Physician states case against abortion [letter to the editor]

To the Editor: The U.S. Supreme Court ruling on abortion will make Jan. 22, 1973, a memorable day—not for the freedom of сиалис купить, as the head of Planned Parenthood of America remarked—but a memorable day on which the United States of America parted legal company with freedom and justice and began perpetuating feticide.

I am a woman, a medical doctor and mother of three children and feel fully qualified to respond publicly against this body of male lawyers, who have washed their hands like Pontius Pilates and thrown the dirty water to the doctors.

As a doctor, I feel indignant and fearful, for few members of the profession are ready for this tremendous ethical responsibility.

Courses on law, philosophy, theology and ethics are not part of a medical school education. We are too ignorant to be “killers,” yet know too much to be innocent bystanders. Thus, with every intuitive, educated and noneducated atom within me, I must personally denounce abortion as an act against life and therefore, against the nature of the medical profession.

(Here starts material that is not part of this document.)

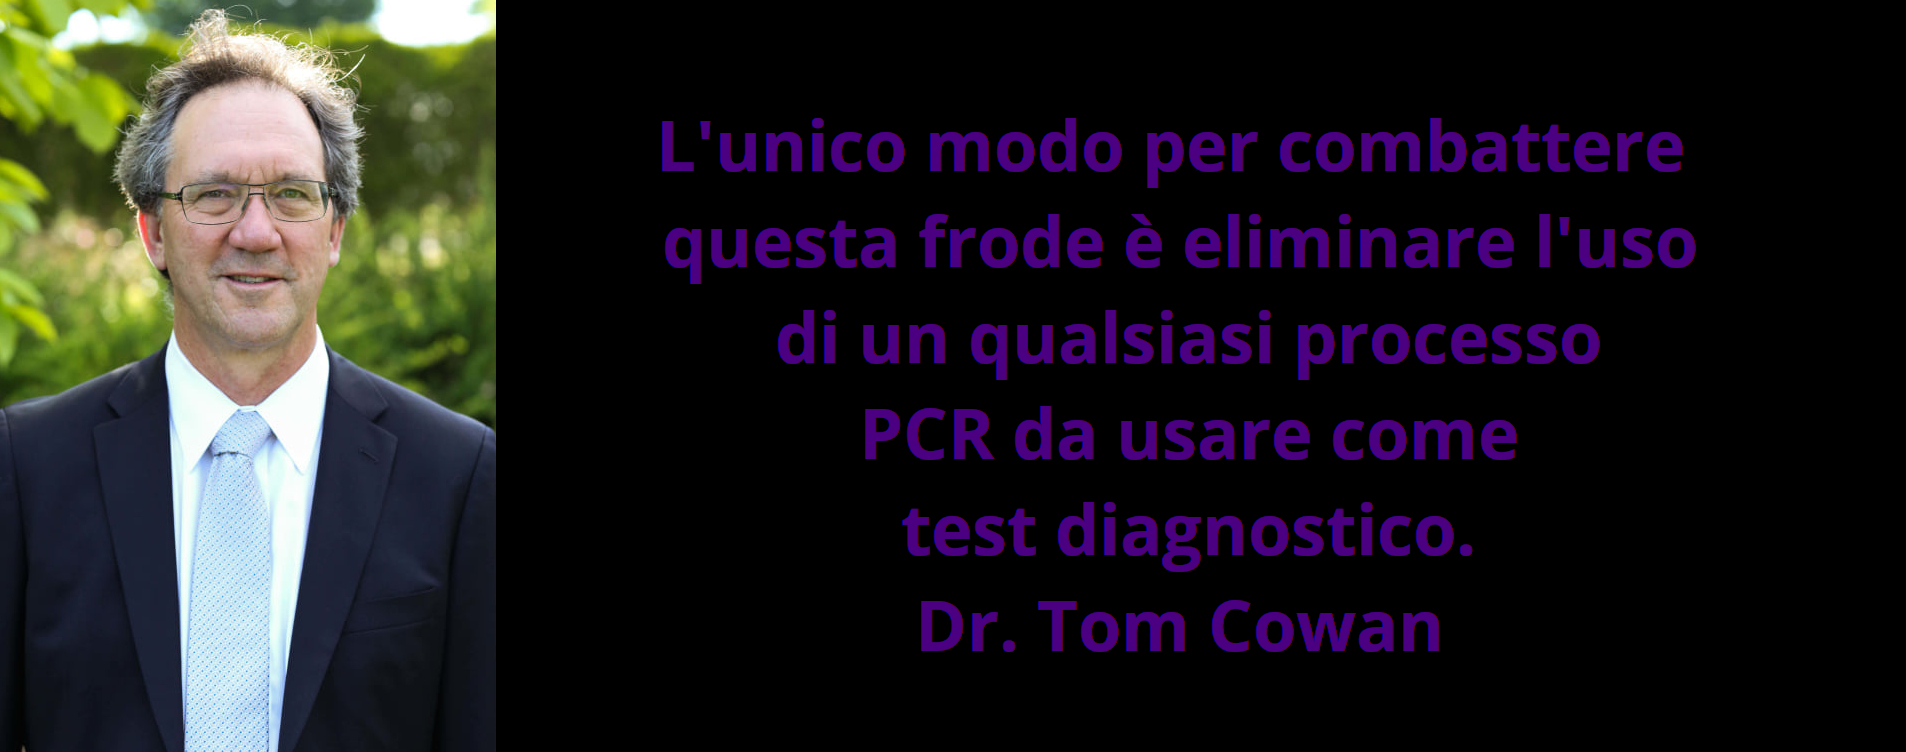 La frode dei test PCR – Dr. Tom Cowan
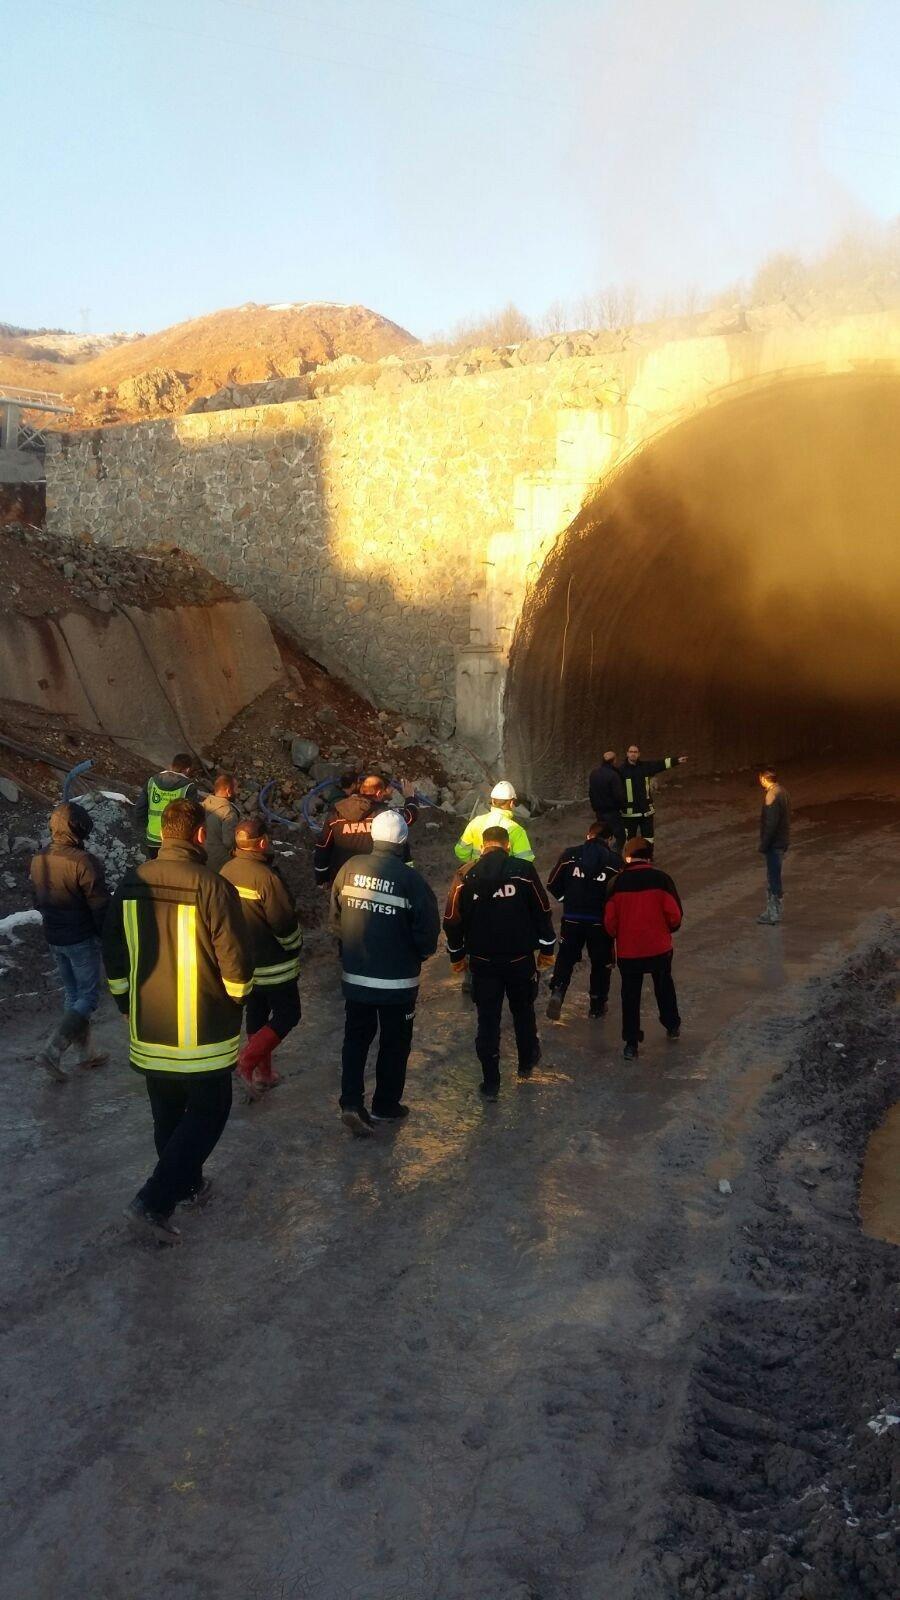 Sivasta tünel inşaatında yangın

For every doctor that removes a fetus that is not threatening its mother’s life, that doctor’s humanitarian nature will be threatened; he will no longer claim those qualities a doctor is not taught but simply “acquires”: compassion, empathy and a sense of responsibility to perpetuate the life force under siege of true invaders.

If pregnancy is an “invasion of privacy,” and the fetus is an invader in the medical sense—then that fetus joins the list of other invaders in the medical sense: viruses, bacteria, worms, amoebae, fungi, etc. And that includes all fetuses—for does the wanting of a fetal implantation change the physical characteristics of that fetus? No. A fetus is a fetus—in the medical sense.

If this fetus is invading the mother’s privacy in the medical sense, as a parasite invades a host, does she know? The same way in which she can tell if other invaders are present? How do we know consciously we have cancer—can we tell in our mental awareness that a microscopic malignancy is present in the center of our liver?

Do we know instantly when our privacy is invaded—whether by tumor or fetus? Of course not. Then when does a woman know she is invaded? She seeks medical opinion and submits herselves to known tests of various kinds.